Limitations & Future Work

  • Coverage is limited to top-venue papers, excluding important benchmarks released by industry (e.g., industrial iterations of MMLU, HumanEval, etc.).
  • The use of GPT-4o mini for pre-screening may introduce systematic false-negative bias.
  • Each paper was coded by only 1–2 reviewers; the double-review Kappa of 0.524 reflects only moderate inter-rater agreement.
  • The paper does not deeply analyze whether construct validity issues differ systematically across domains (reasoning vs. safety vs. code generation).
  • vs. BetterBench (Reuel et al., 2024): BetterBench also addresses benchmark quality assessment, but the present work is larger in scale (445 vs. fewer papers) and more systematic in its theoretical framework (multi-dimensional construct validity).
  • vs. Bowman & Dahl (2021): That work proposed directional recommendations for fixing NLU benchmarks; the present paper builds upon it by quantifying the prevalence of these issues through large-scale empirical data.
  • vs. tinyBenchmarks (Polo et al., 2024): Focuses on efficient evaluation with fewer samples, complementing this paper's emphasis on sample representativeness.
  • vs.
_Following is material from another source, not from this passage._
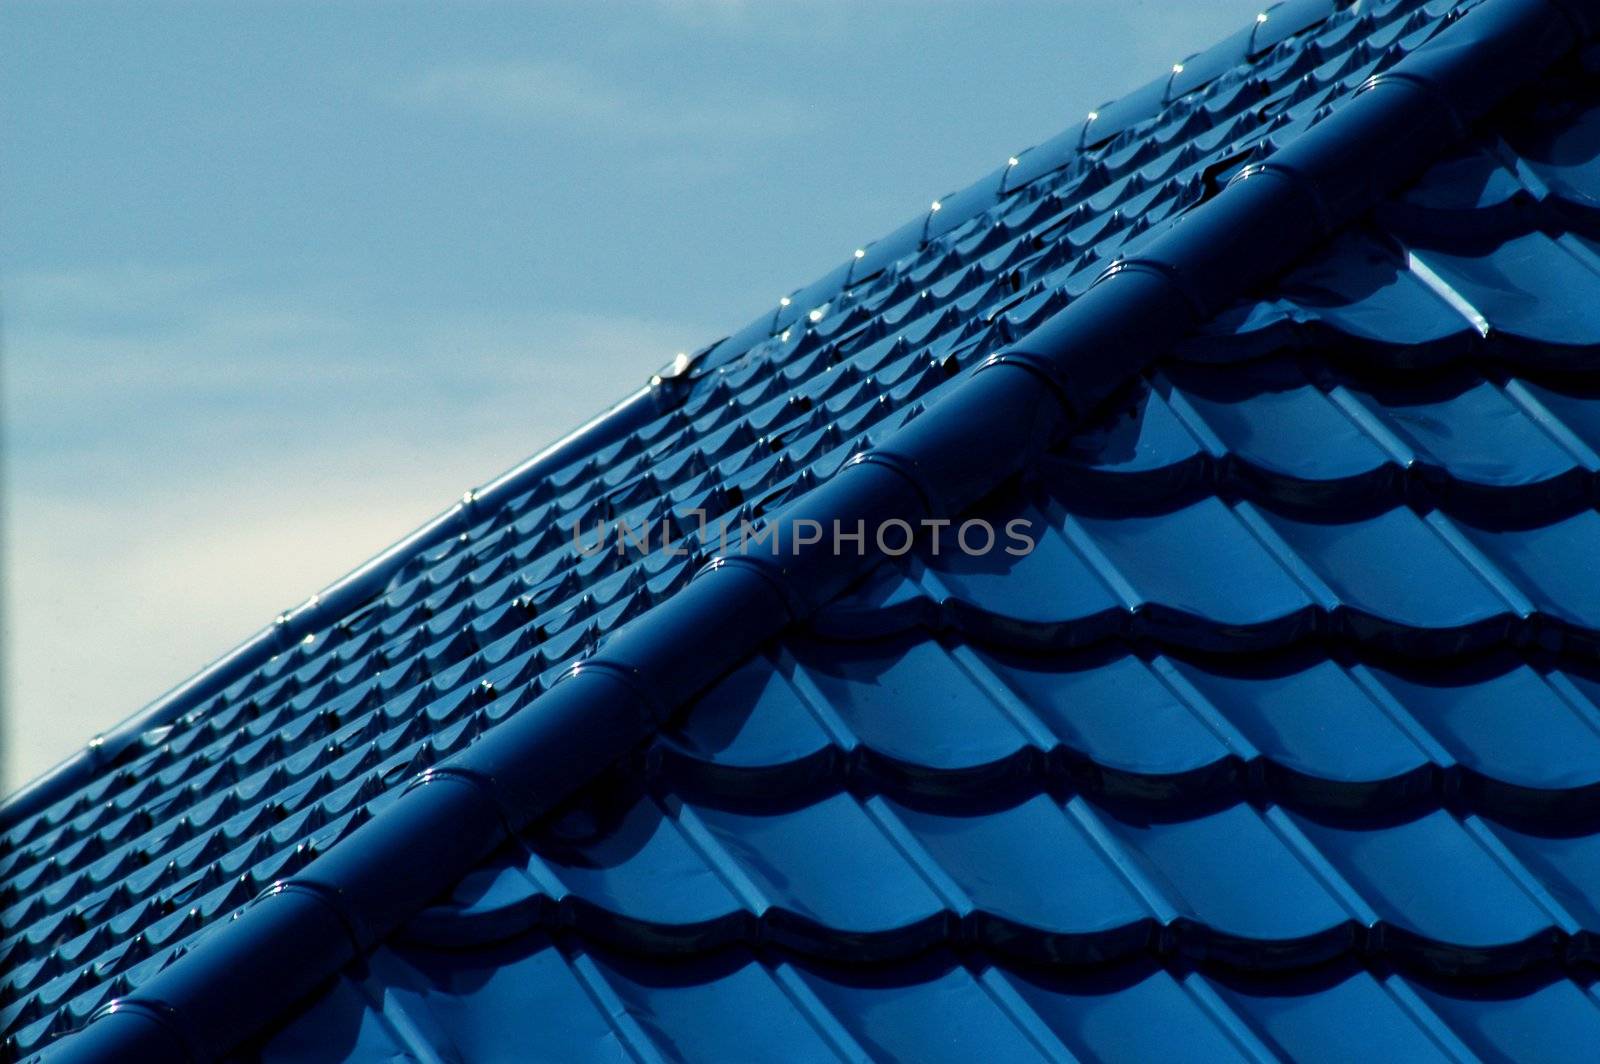  pattern of blue roof tiles

Dynabench (Kiela et al., 2021): Proposes dynamic benchmarks to address data contamination, consistent with Recommendation 5 (guarding against contamination) in the present work.
  • Implications: The proposed checklist can be directly applied during peer review to assess the methodological quality of benchmark papers.

Rating

  • Novelty: ⭐⭐⭐⭐ First systematic application of the construct validity framework to large-scale auditing of LLM benchmarks.
  • Experimental Thoroughness: ⭐⭐⭐⭐ Coding analysis of 445 papers with substantial data coverage, though inter-rater Kappa is moderate.
  • Writing Quality: ⭐⭐⭐⭐⭐ Clear structure, highly actionable recommendations, and rich figures and tables.
  • Value: ⭐⭐⭐⭐⭐ Carries significant guidance value for the entire LLM evaluation community and has the potential to reshape benchmark design paradigms.